Are you a fan of the Sprint weekend format?

I am and I'm not! On the one hand, it’s nice to do something different. Personal opinion: I think it demonstrates that for good racing, you don’t necessarily need to have three practice sessions. I like the fact it rewards preparation more: the better you come out of the starting blocks, the better weekend you seem to have – and I like that.

On the other hand, it’s a lot more work and a much more stressful weekend! From the moment the car leaves the garage for practice, every decision has a raised level of intensity. I like that because it’s more competitive, but it’s a harder weekend on an engineering and a personal level.

Does the Sprint format alter the interaction between the trackside team and everyone supporting back at the MTC?

In the current era, we’re relying of the factory more than ever before. We are always time-limited and, even at a normal weekend but especially at a Sprint, there is only so many things we as individuals can do, and therefore the more the factory can assist us in making decisions, the better.
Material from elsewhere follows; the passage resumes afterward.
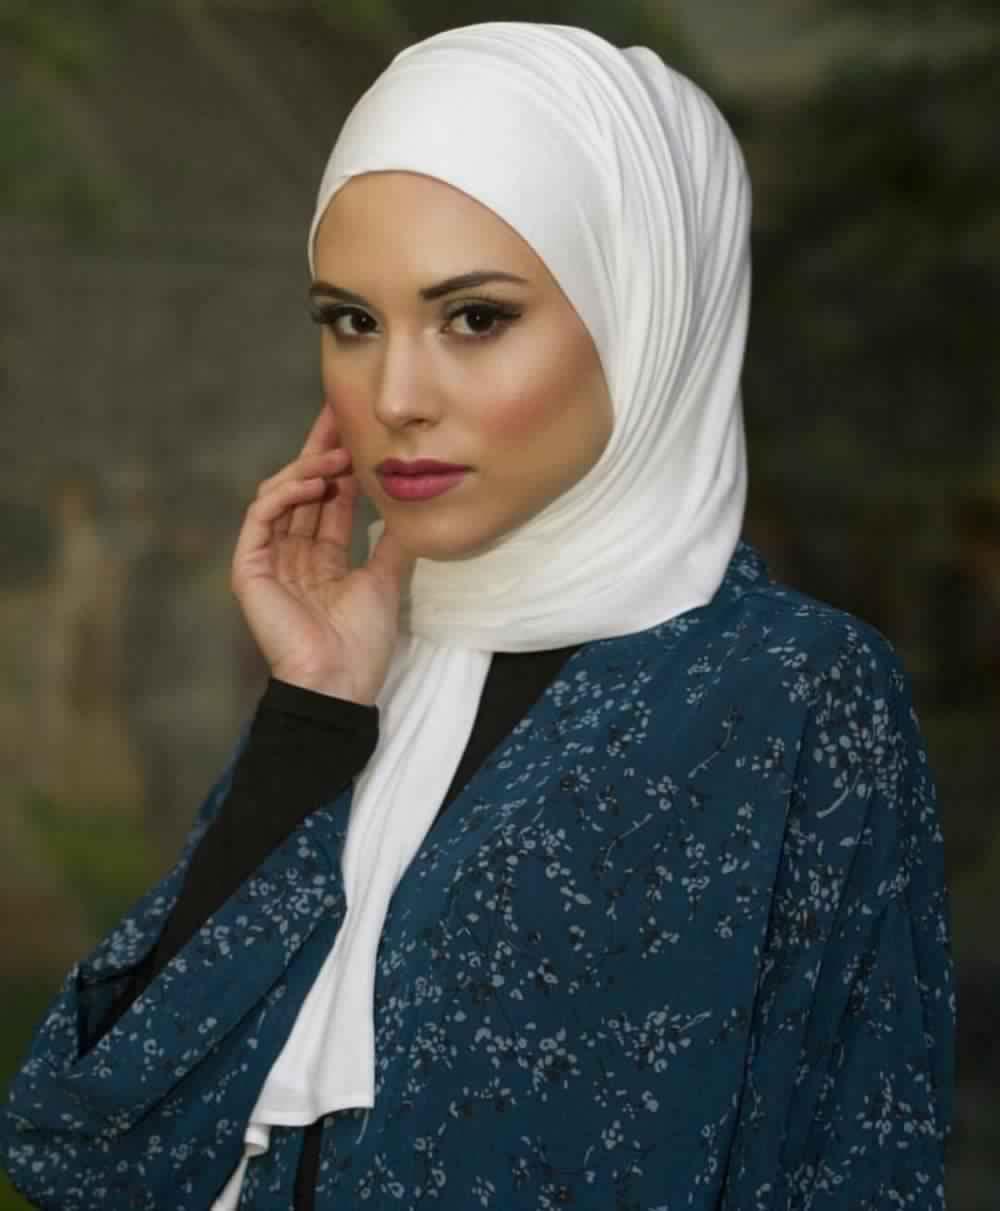 Couleurs Pour Hijab3
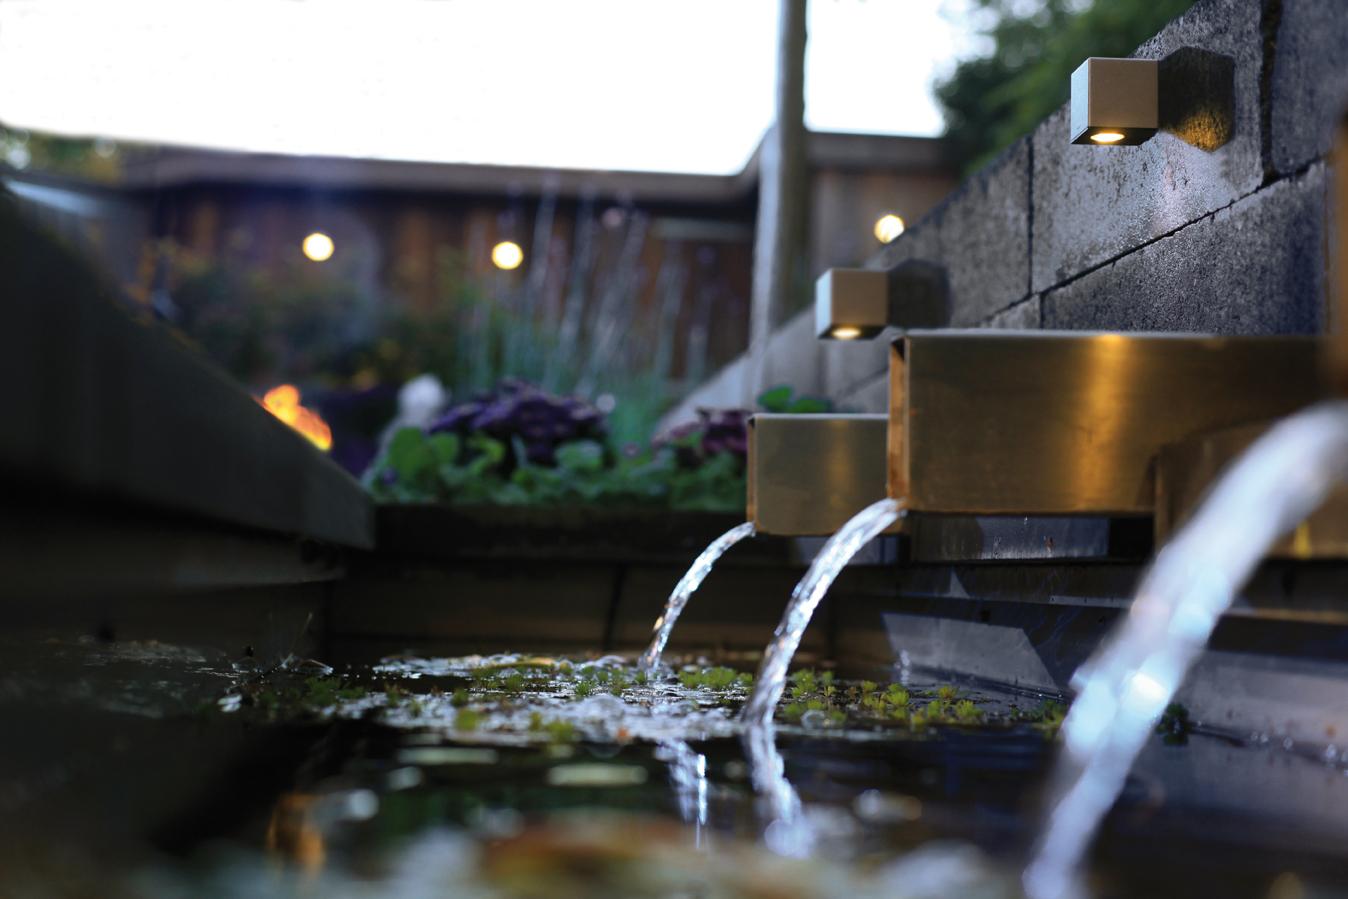 In-Lite tuinverlichting brengt warmte in uw tuin

Think about something like setting ride heights – something that’s become even more important recently with the disqualifications that the FIA have made on Sprint weekends. It's a performance opportunity and a legality risk and therefore it requires a level of workload that, if put on the race engineer at the track, they'd probably get nothing else done. So, we share the workload and have other people help us make those decisions. It's not to say they make the decisions for us, more that the factory can provide a lot of information, and that helps us make decisions in the short amount of time available.